**The data**
···

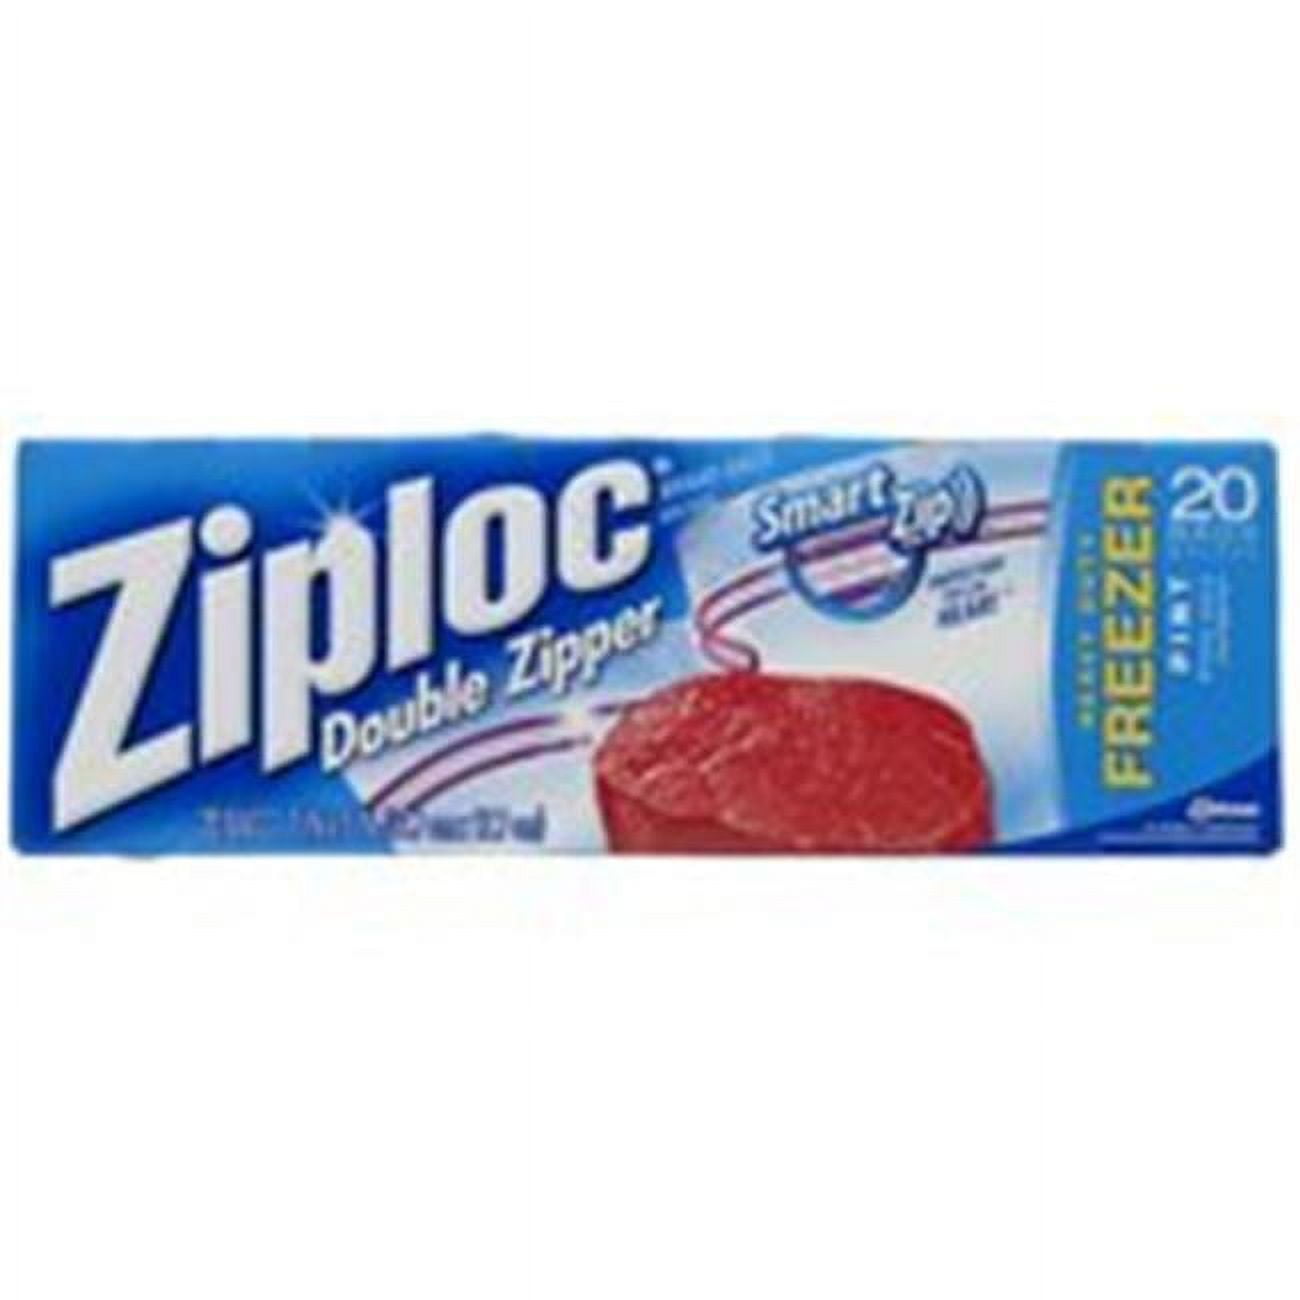 Ziploc 1 Pt. Double Zipper Freezer Bag (20-Count) - Power Townsend Company
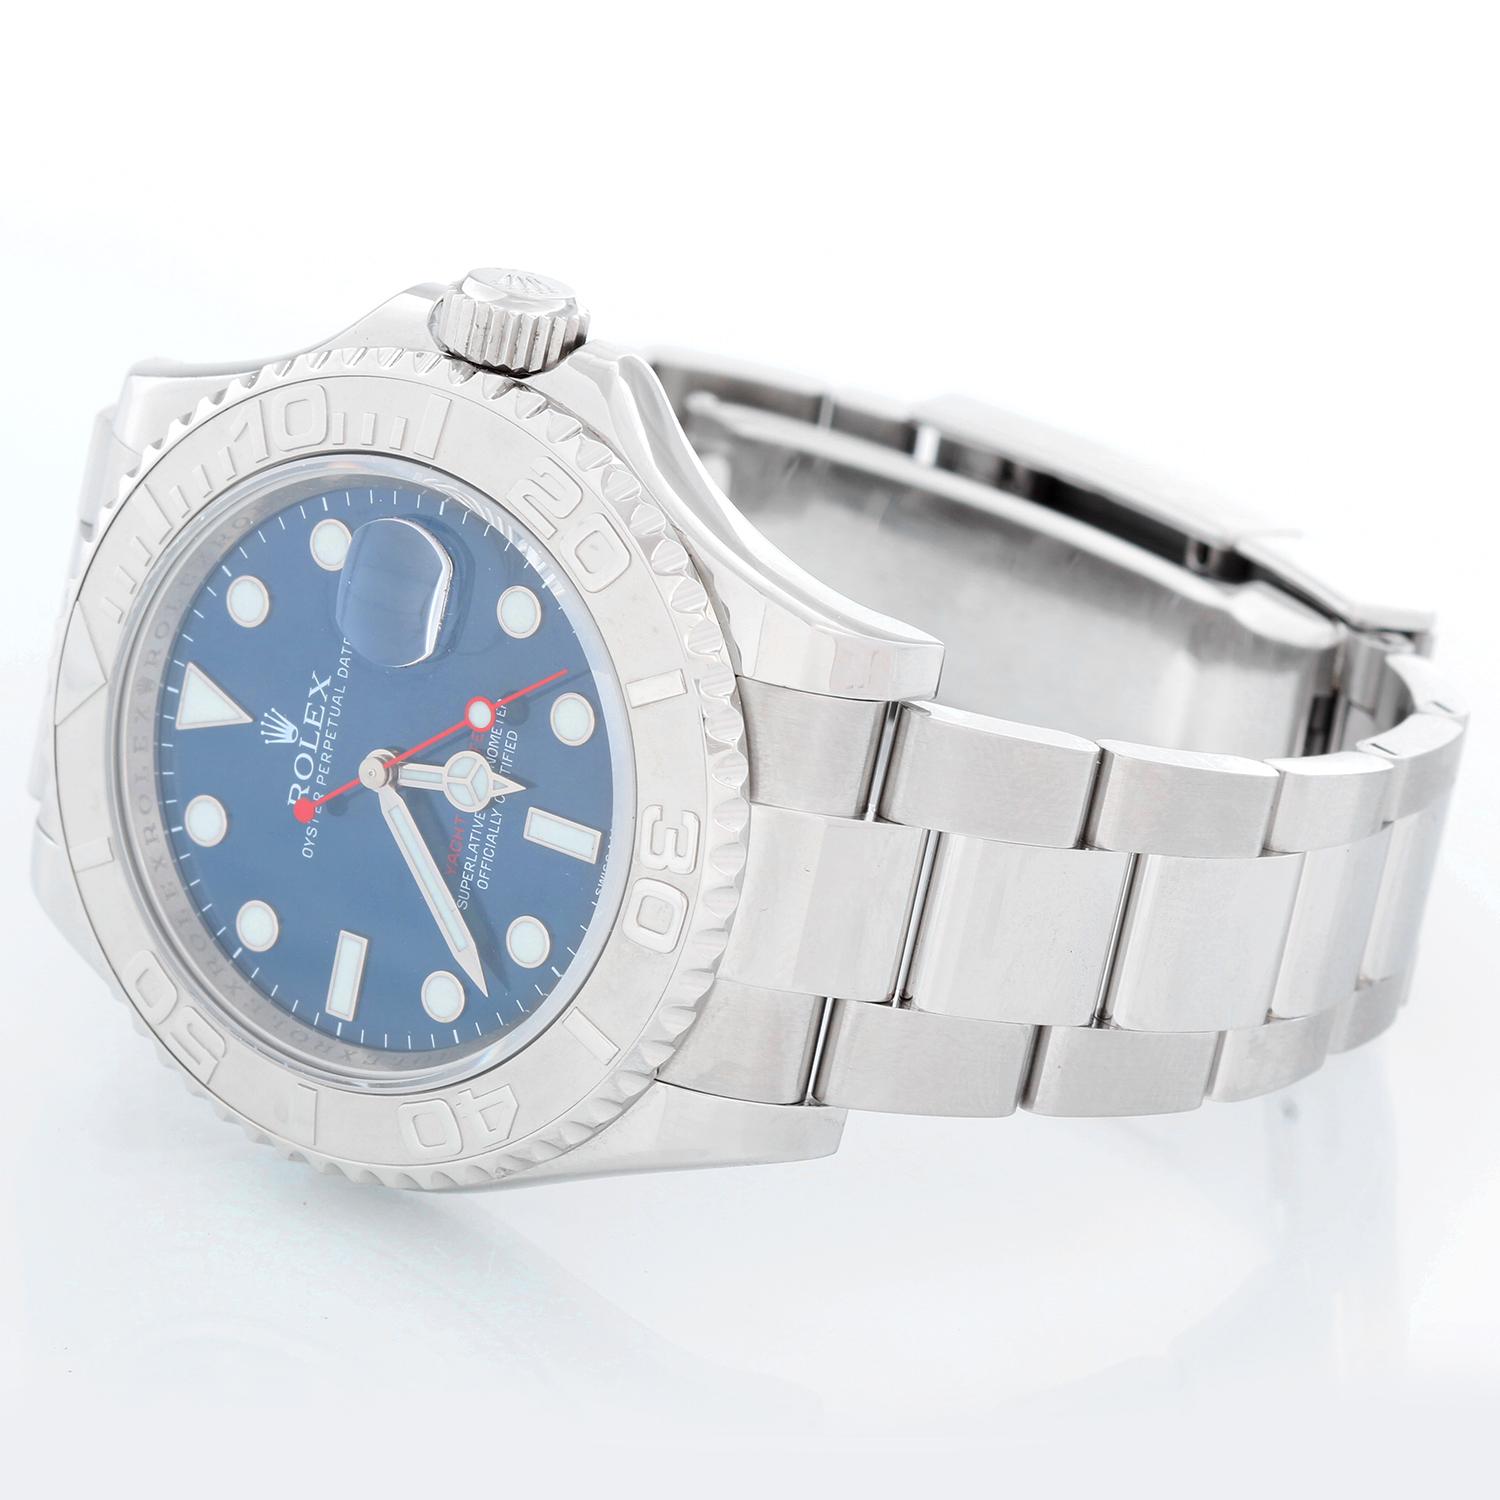 Rolex Stainless Steel Yacht-Master Automatic Wristwatch Ref 116622 3
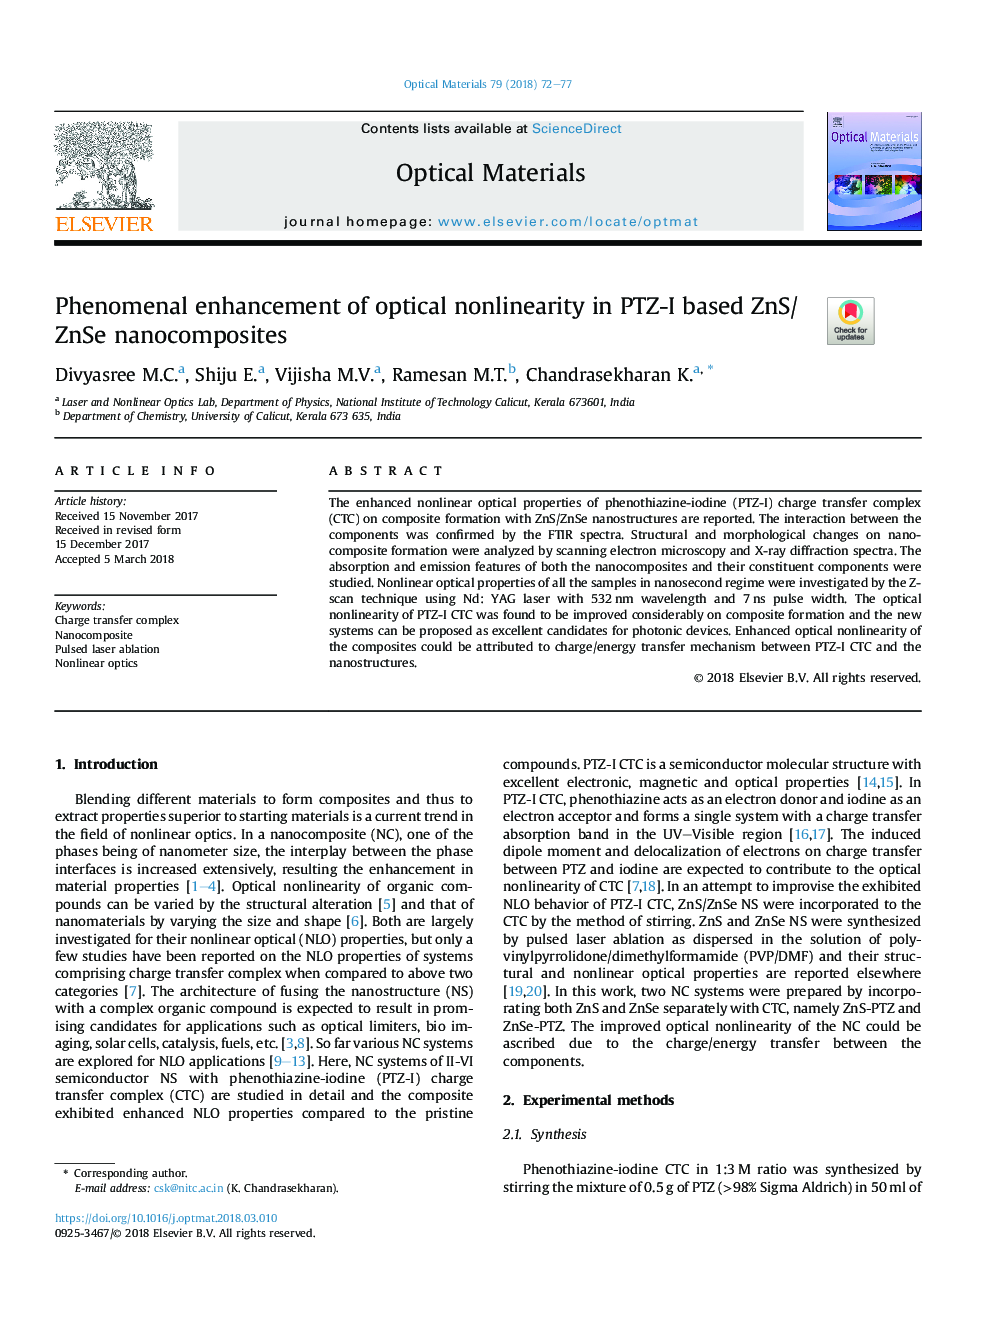 Phenomenal enhancement of optical nonlinearity in PTZ-I based ZnS/ZnSe nanocomposites
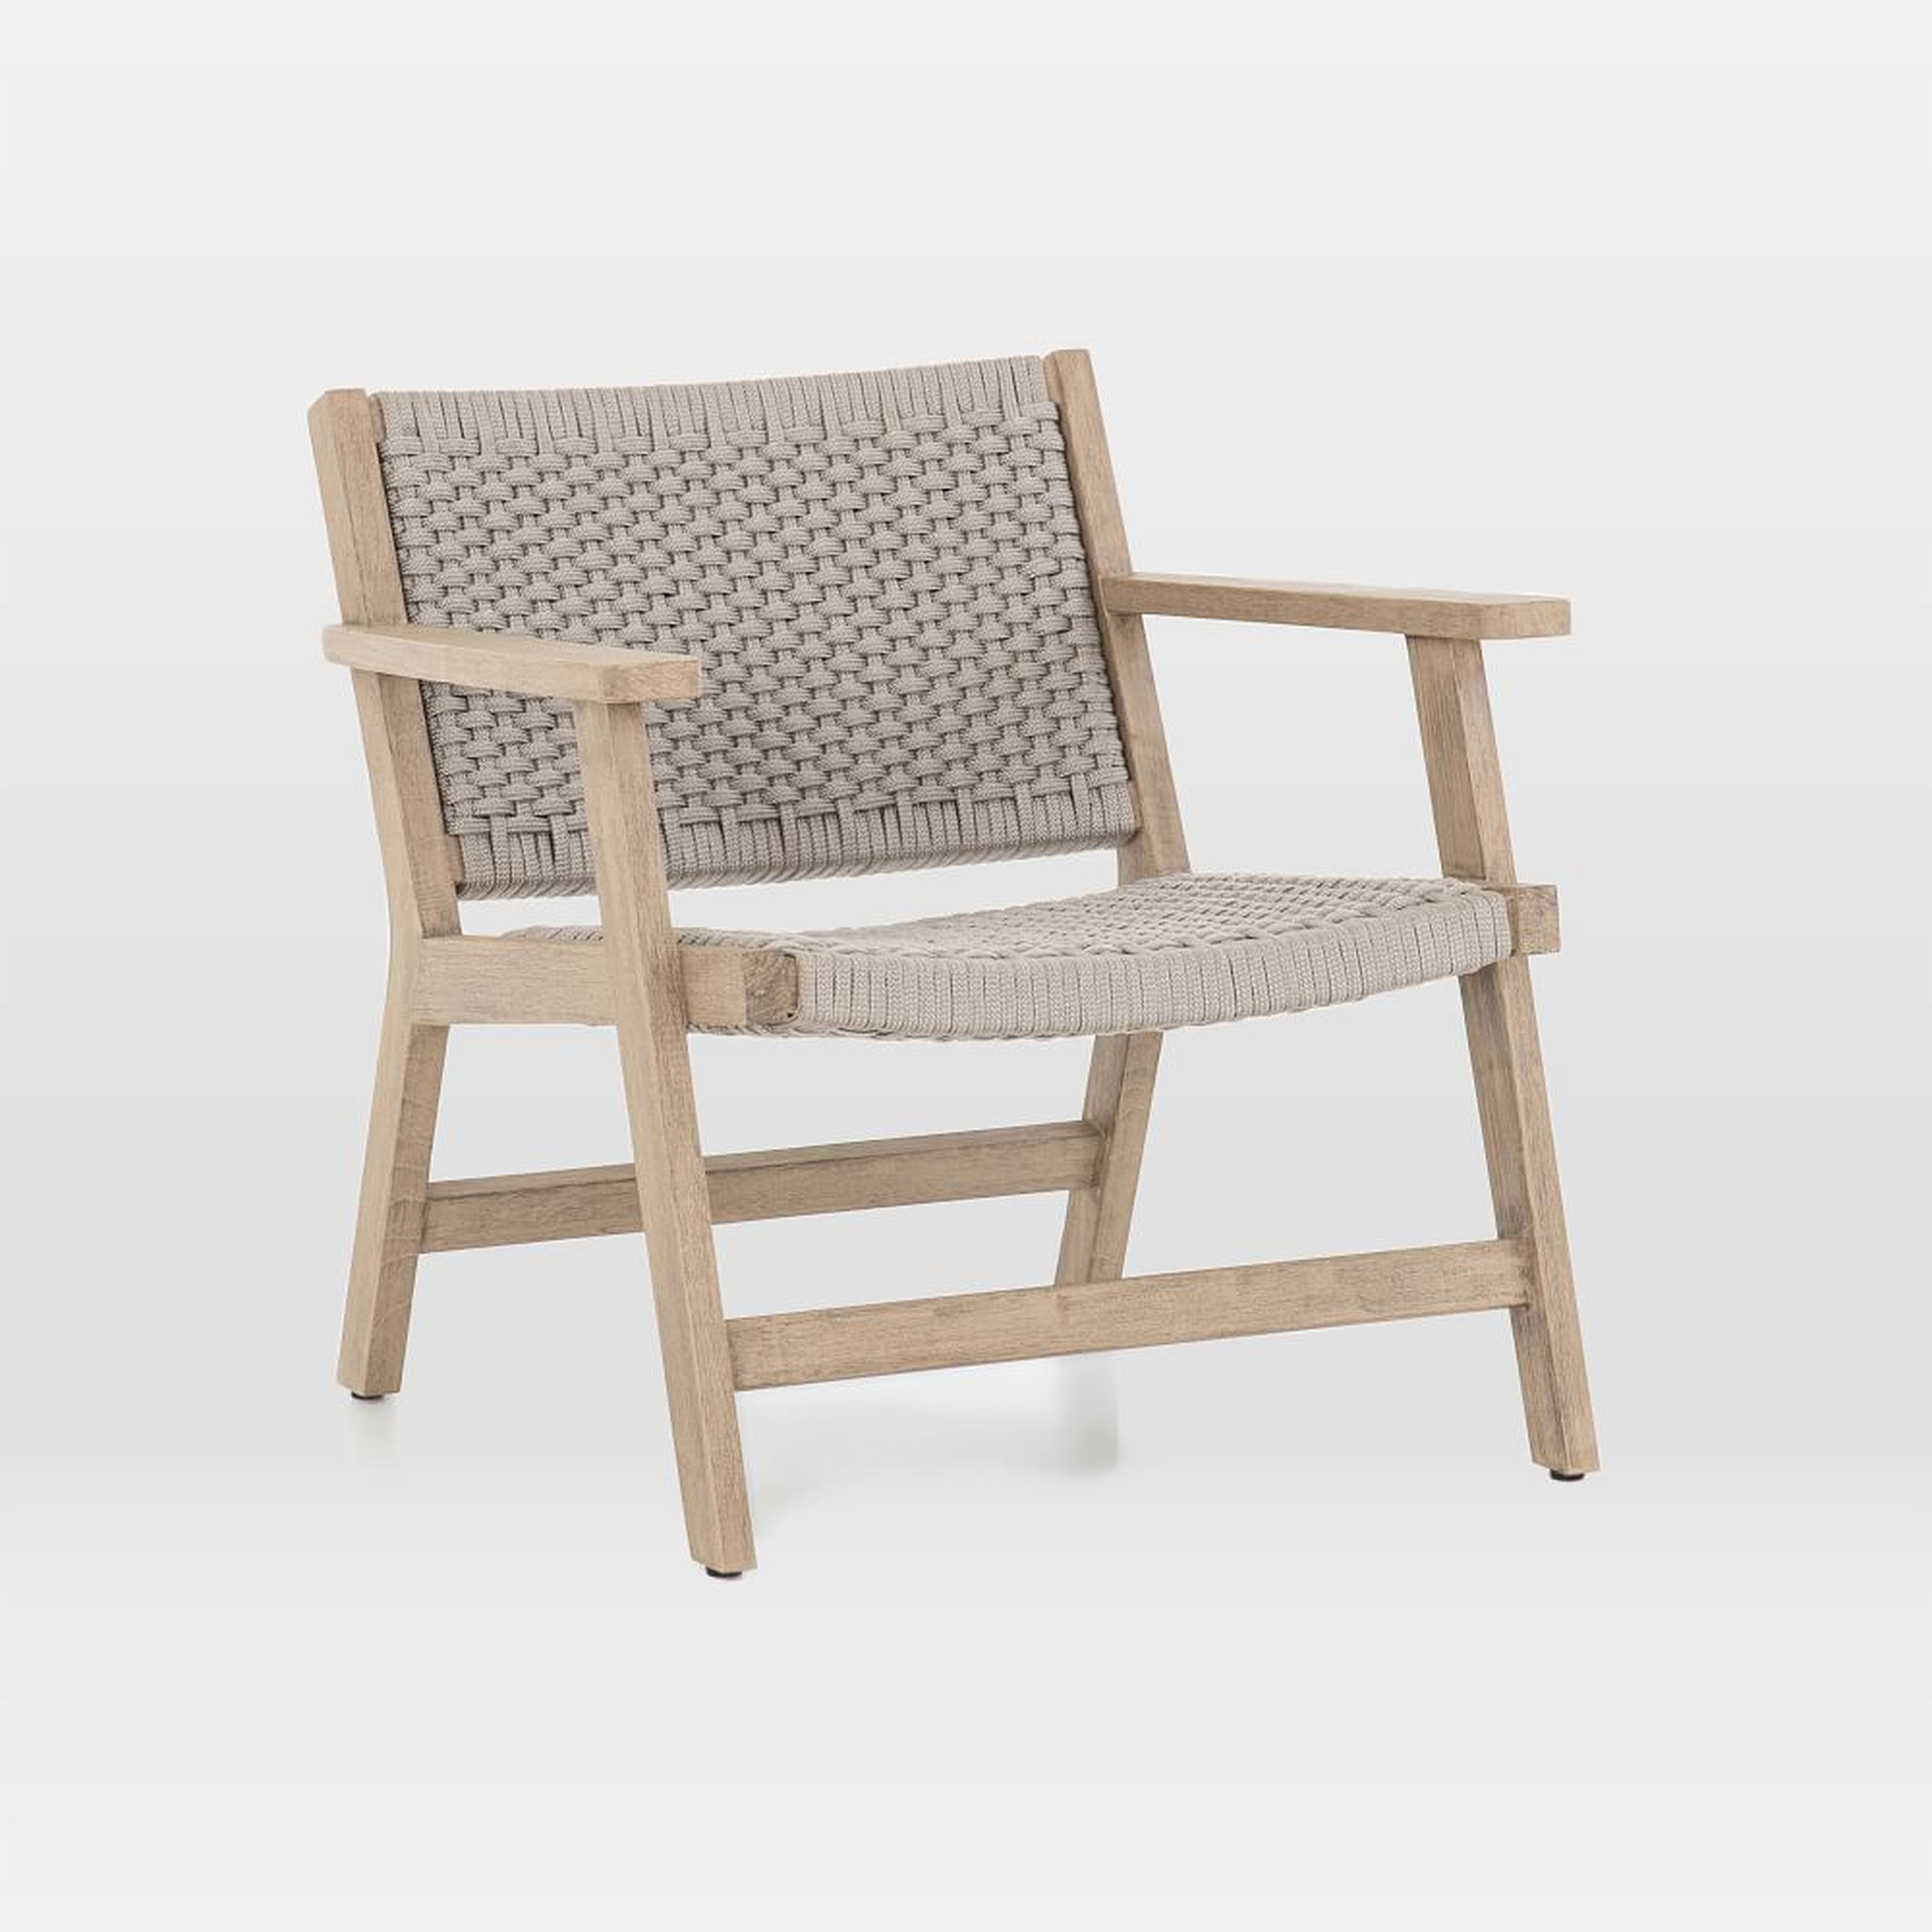 Teak Wood + Rope Outdoor Chair, Washed Brown - West Elm

···

**Instructions to follow**
Go through the listing above and write it all out exactly, leaving out any picture.

**Task response**
 Ziploc 1 Pt. Double Zipper Freezer Bag (20-Count) - Power Townsend Company
 Rolex Stainless Steel Yacht-Master Automatic Wristwatch Ref 116622 3
 Phenomenal enhancement of optical nonlinearity in PTZ-I based ZnS/ZnSe nanocomposites
 Teak Wood + Rope Outdoor Chair, Washed Brown - West Elm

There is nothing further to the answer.